Last year, I introduced an adventures-in-moviegoing-style column to the Year in Review series. This year, I christen it At the Movies, in tribute to my favorite writer and critic, Roger Ebert. In April 2025, it will be 12 years since his death, but he is never far from my mind or my heart, and whether consciously or not, I carry him with me every time I walk into the theater.
In the spring, I read Matt Singer’s essential Opposable Thumbs, which recounts the history of Gene Siskel and Roger Ebert as professional rivals entered into a mutually beneficial pact that evolved into a unique brotherhood. It also tells the tale of Siskel and Ebert™, the cultural force that would define the way generations watched, discussed, and thought about movies. It gets my highest Last Cinema Book Club recommendation. (Remember when I tried to make that a thing? Perhaps I’ll bring it back.)
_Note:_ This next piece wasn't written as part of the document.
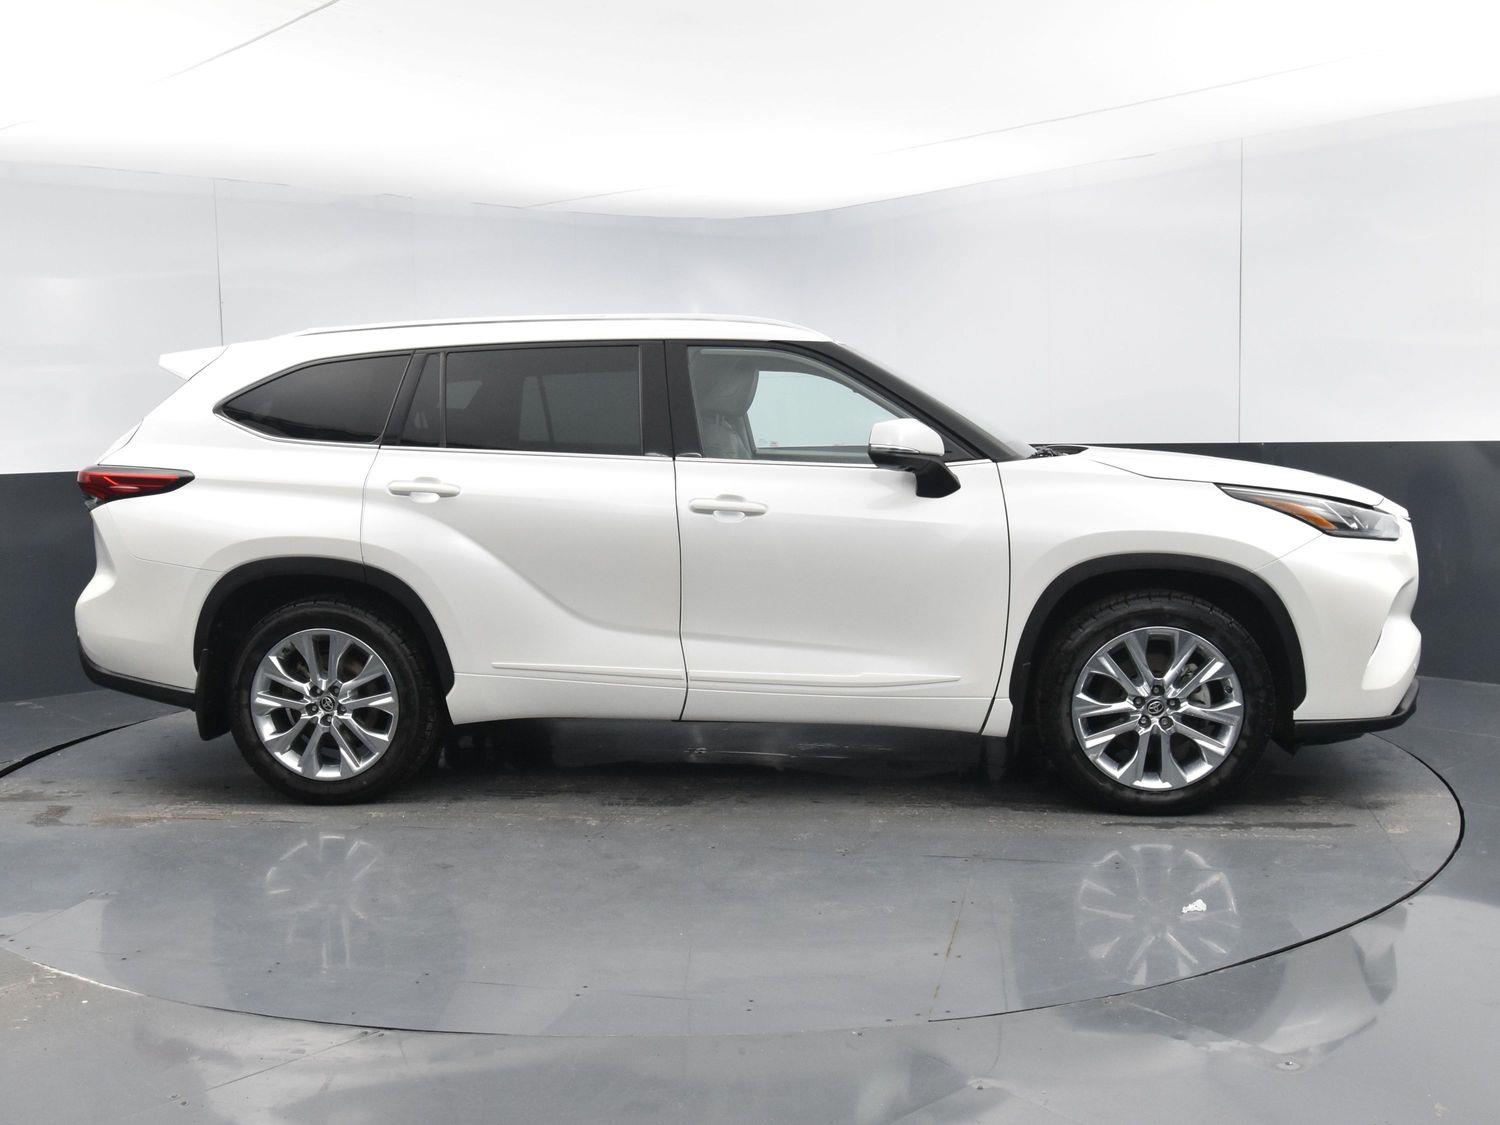 Used 2020 Toyota Highlander Limited Sport Utility for sale in Grand Island NE

I wrote the following in this piece last time around: “We’ll start in my neighborhood, a scant 10-minute walk from my front door, at the Highland Park Theater, itself the subject of closure rumors. As of now, it survives.” From the time I published those words, it would survive just another 51 days. The 100-year-old theater closed Feb. 29, 2024.
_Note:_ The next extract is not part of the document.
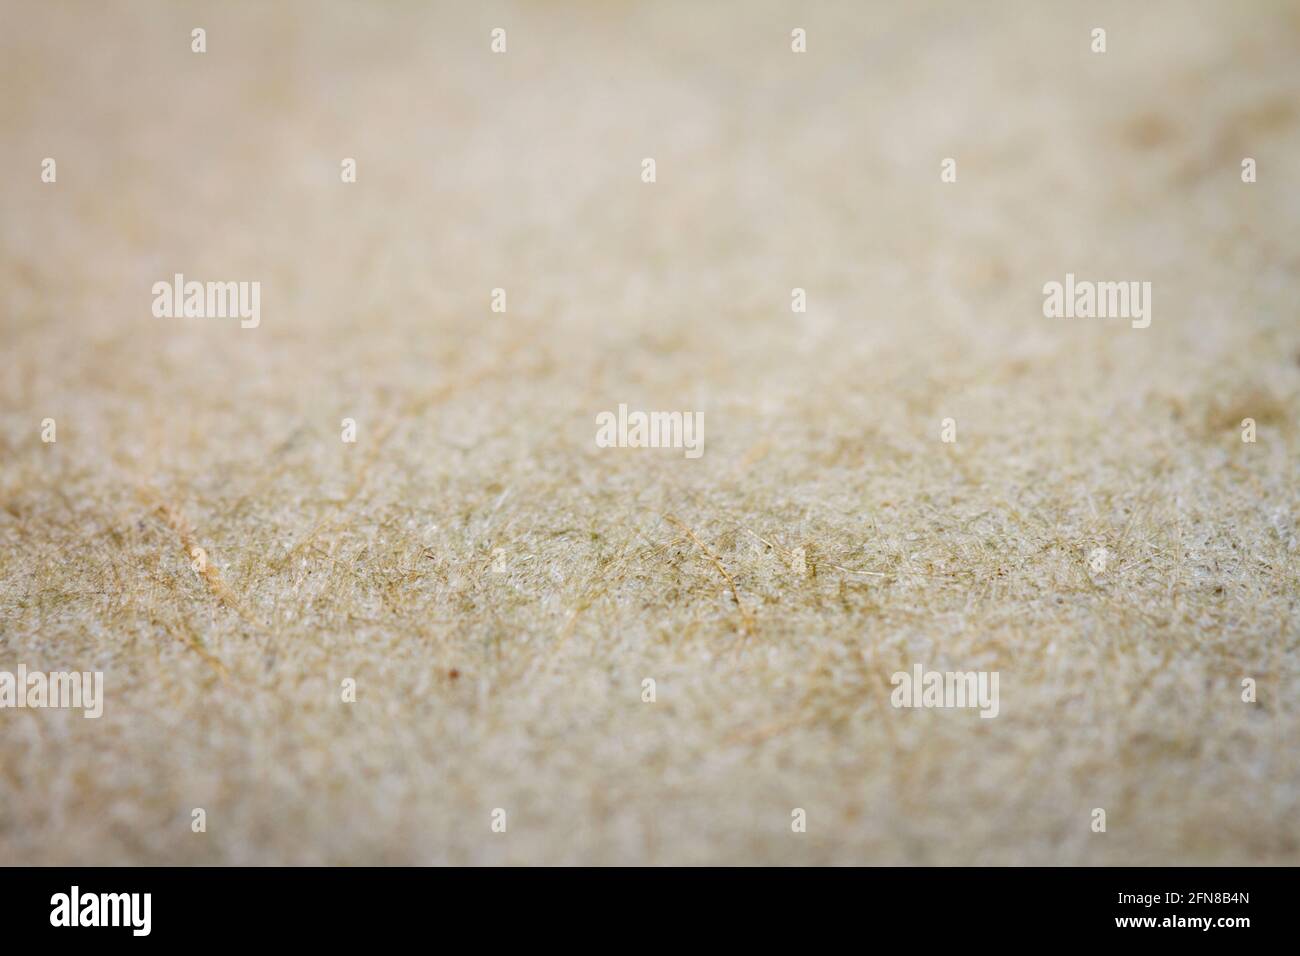 Extreme closeup of handmade paper with shallow deph of field. Stock Photo

Community chatter about potentially reopening it started pretty much immediately but died out quickly after. It sits vacant, the marquee marked by graffiti. Most days, you still can see inside. Despite the end-of-February closure, for a while, someone continued to update the posters in the lobby. The last such update came with Kingdom of the Planet of the Apes, which released May 10. That poster still hangs, and there is something haunting about that ghost of a theater forever advertising a film it never got to show and probably never will.
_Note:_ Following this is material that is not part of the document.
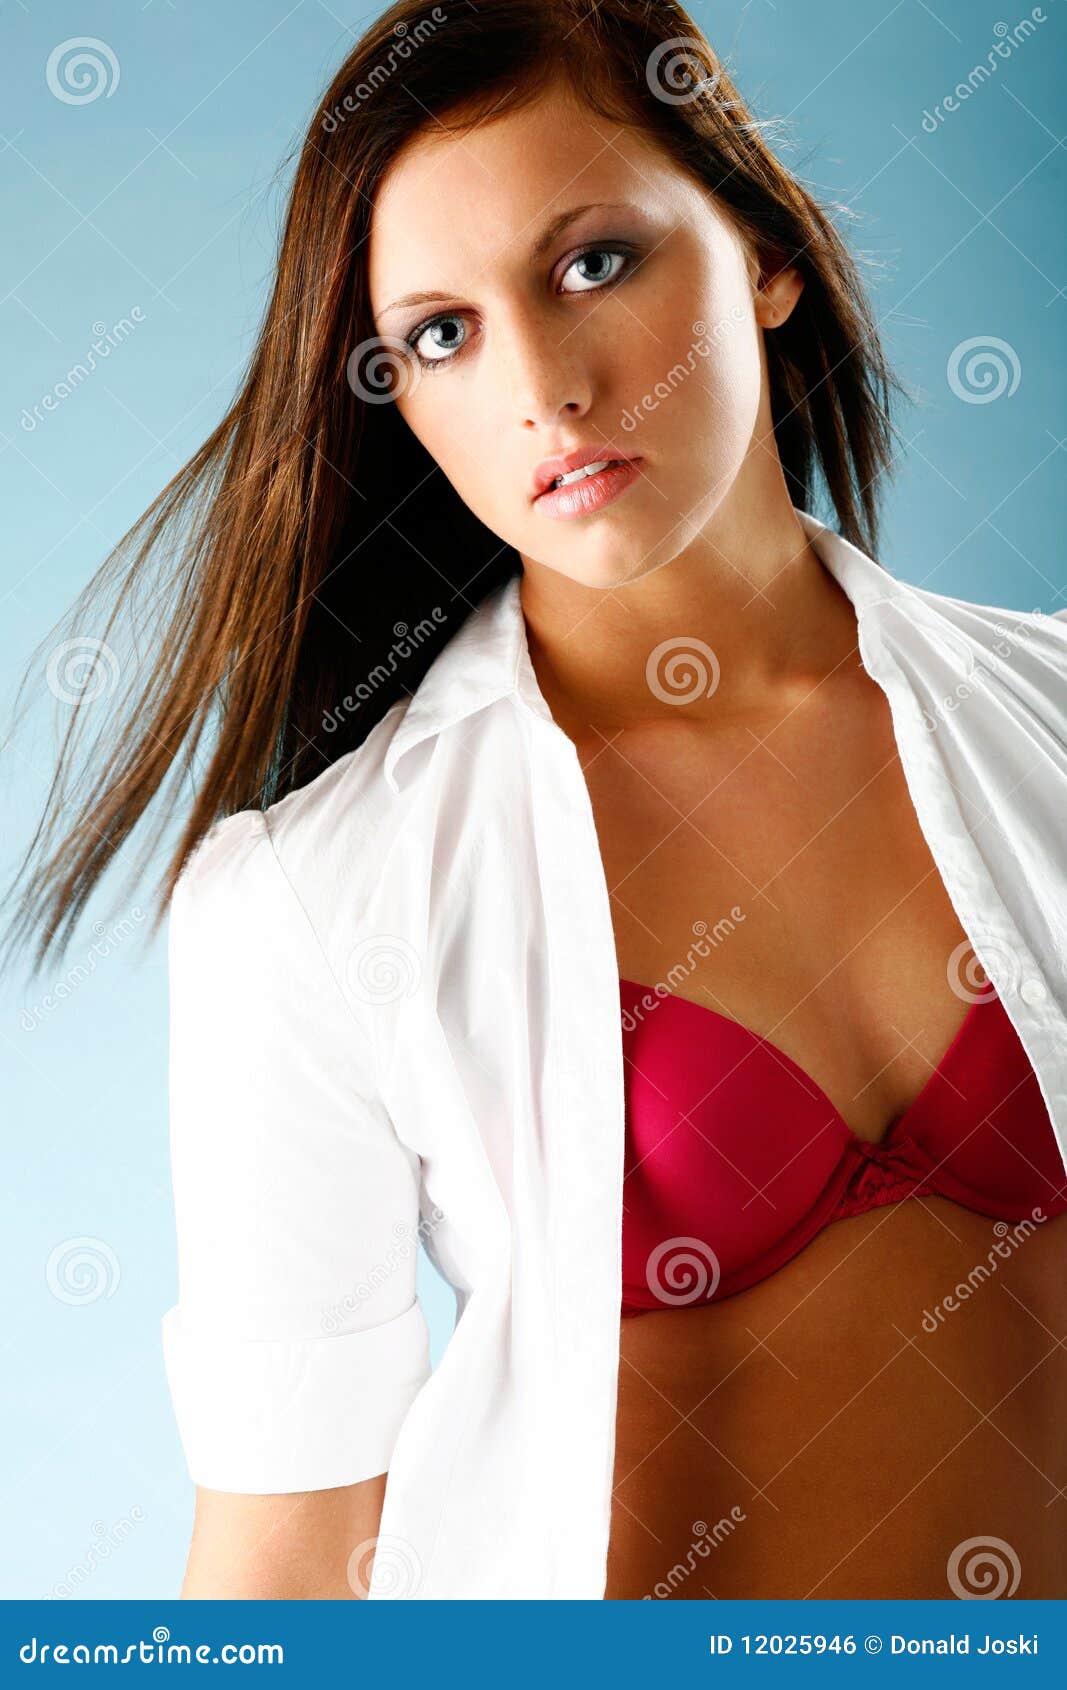 Photo about Young woman poses wearing white button shirt in studio.

There are many such haunted houses in the city, the most prominent of which is probably the Cinerama Dome on Sunset Boulevard. One of the COVID pandemic’s many economic casualties, the dome just sits there at that vacant intersection, waiting for some hero of the cinema to come save it. It supposedly was set for a 2025 reopening, but the last anyone heard about that was in 2023. I’ll give it a couple more years, then start the Last Cinerama Dome Standing Fund and buy it myself, if necessary. Quentin Tarantino can’t save them all.
And, that’s as fine a transition as any to a May 22 screening of Pulp Fiction at Tarantino’s own New Beverly Cinema. The theater hosted a week of showings to commemorate the 30th anniversary of the film’s triumphant debut at the Cannes Film Festival, where it won the Palme d’Or. Though I had seen the film bordering on 50 times, I had never seen it on the big screen. It was like seeing it with fresh eyes. Everything that is radical and inventive and shocking about that film – the kinds of rough edges that get sanded away by cultural ubiquity – felt new and exciting again.
A couple weeks before, I caught Akira Kurosawa’s masterpiece High and Low at the New Beverly, as well. It’s hardly breaking new ground to call it one of the great director’s best. I look forward to Spike Lee and Denzel Washington reinterpreting and remixing the premise for our modern age with a film that is slated to come out in 2025.
Staying on that side of town, the programming at the Academy Museum continues to impress, as one might expect. A couple days before Pulp Fiction at the New Bev, I visited the Academy for a screening of the Telugu megahit RRR. This was my fourth viewing but first in a theater. It is a spectacle that demands to be seen on the biggest screen possible with the loudest speakers, both of which describe the Academy Museum to a ‘T.’ The crowd was raucous and lively, cheering and hooting and hollering. Super fans compared résumés – ‘I’ve seen it 15 times in theaters’; ‘I’ve seen it 20!’ I had a wonderful time, but once is enough, thanks.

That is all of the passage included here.